Firstly, notice where the earliest trials of digital currency were held: Hong Kong, Switzerland, and Singapore. As G.B. noted in the comments of the email accompanying the article, each place has been a hub of massive financial scandal and fraud in recent years. And as I and Catherine Austin Fitts have repeatedly warned, a move to a digital currency is a move to something which, in effect, is not a currency at all, simply because of the implied ability of central banks, at the push of a button, to modify the value of that currency at will. Say you leave your place of work with 15,000 digibooboos being deposited in your account. On your way home, you decide to stop and get some groceries. But Mr. Central Banskter needed some extra digibooboos to cover his margin calls, which amount to just a few quadrillions of digibooboos, so he decides simply to create more digibooboos at the push of a button. By the time you arrive at the checkout lane in the grocery store, the robocashier informs you that your grocery bill, which just a few seconds ago might have cost a mere 200 digibooboos, now comes to 14,000 digibooboos, leaving you to ponder whether or  not to buy your groceries and figure out  how to pay your mortgage (which, incidentally, is also digitized along with the title to your house), or abandon your purchase of mystery 3d-printed meat and GMO potatoes, and pay your mortgage (pronto!) before it too becomes too expensive to pay. You decide to do the latter, and rush to the nearest morgautpaycen (mortgage automated payment center), which informs you that, woops, your mortgage payment is now 15,500 digibooboos. Frantic, you try transferring money from your savings account to your transactions account, only to be told that Microsh*t corporation is interrupting the transaction to update the morgautpaycen system (and your “vaccine tatoos”) with the latest updates; please standby, this will take just a few minutes, and do not cancel the transaction. By the time this has ended, a line has formed, and you make the transfer and rush home, only to find the robosheriff has arrived and repossessed your home. In fact, it’s already been sold and people are already moving into it.

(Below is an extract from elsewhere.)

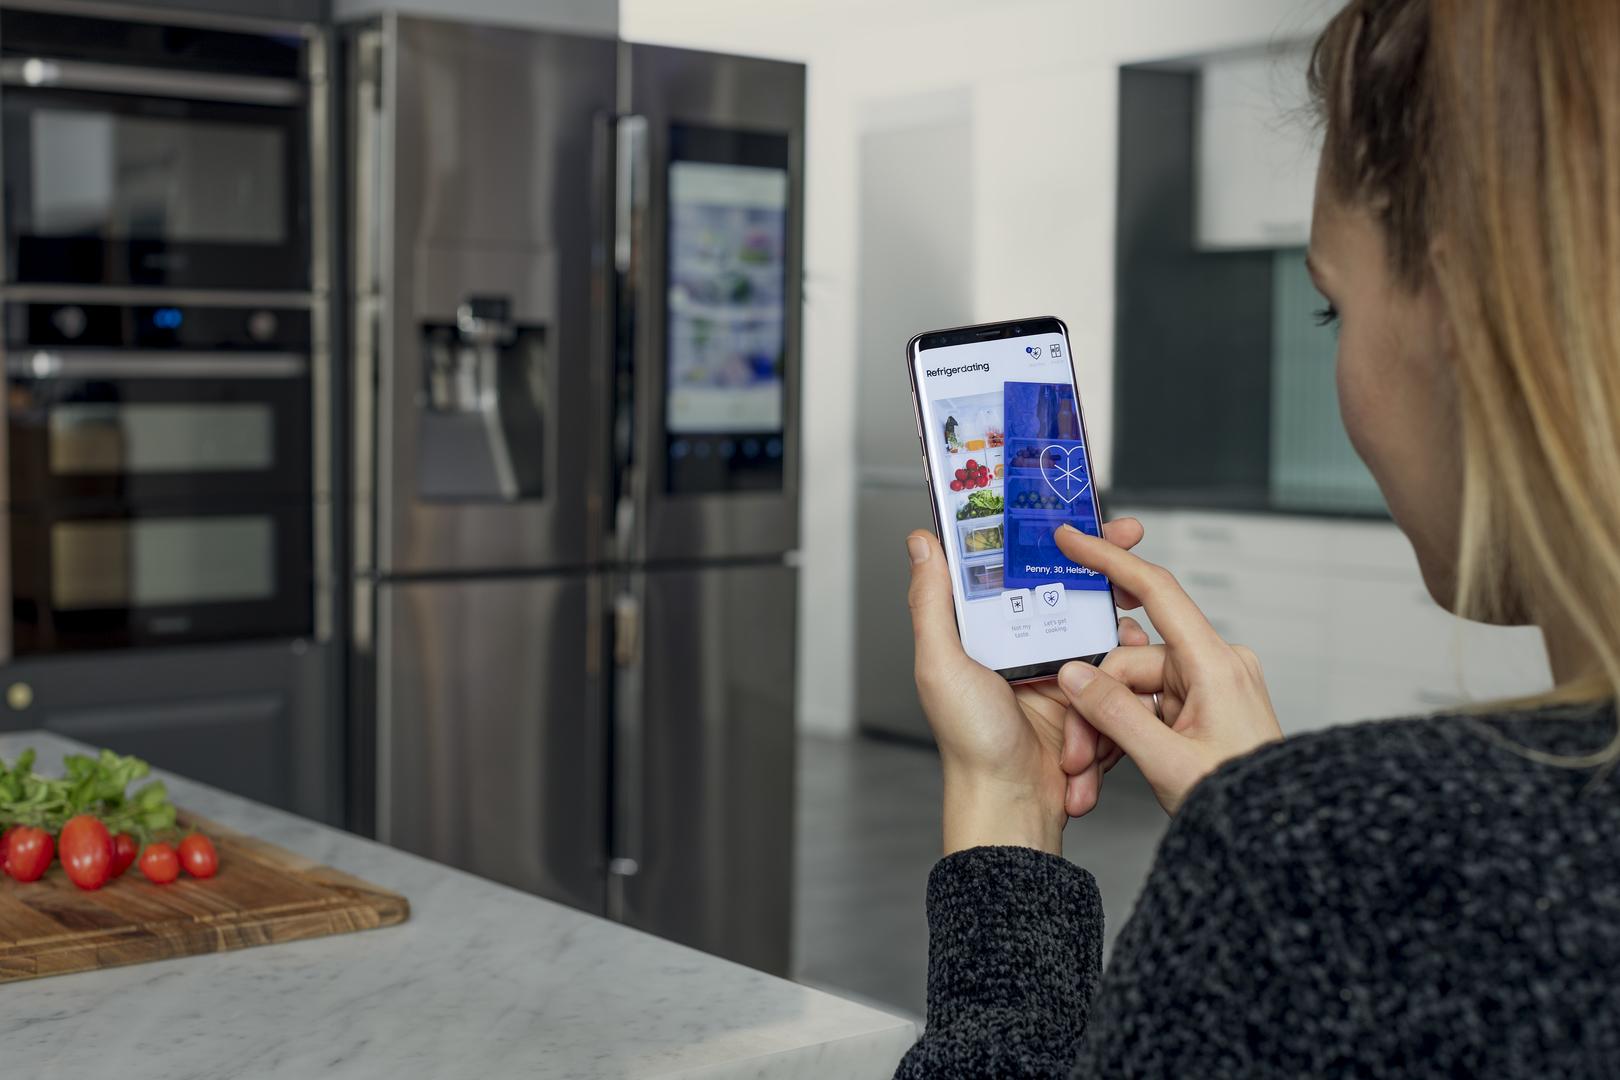 Сервис знакомств Samsung позволяет найти любовь по фотографиям содержимого холодильника

Think I’m exaggerating? Well, don’t forget the roll of currency speculators and banksters in driving the German hyper-inflation of the 1920s so they could make huge amounts of money.  In short, a digital currency frees the central banksters and speculators from the necessity of having to use far slower and clumsier methods of the manipulation of stocks, bonds, commodities, and currencies in order to manipulate currency and other types of value. They will be able to do all of that at the push of a button; it’s a convenient way for the banksters to walk away from all their frauds and crimes, probably of an intergenerational nature. It’s Venice all over again, on steroids.

You might as well paint a big target on yourself and all you own, and say, “Here, take it, it’s yours.”

There’s a second problem: the U.S. constitution, which has that curiously worded phrase that only Congress has the power to “make” and “coin” money. Clearly, a digital “currency’s” fulfillment of this provision is at least debatable on a number of grounds.

And finally, the third problem: What happens to all those wonderful digital “assets” if, say, the Socialist Peoples’ Parasite and Piracy Party of Zhi Ping Pong, Woe Phat (thank you Hawaii Five-O) and Wahn Beeg Rhat (thank you Uncle Scrooge and Karl Barks) decides to zap it all with an electro-magnetic pulse because they’re unhappy with the balance of payments  (they were the ones paid off by Mr. Central Bankster with the suddenly-created digibooboos that are now worth far less). Please take all disputes to accounting; issues are typically resolved in 10-30 business days.

I suppose then were back to old fashioned analogue things like cuneiform tablets and paper records.

In short, use cash folks, as much as you can.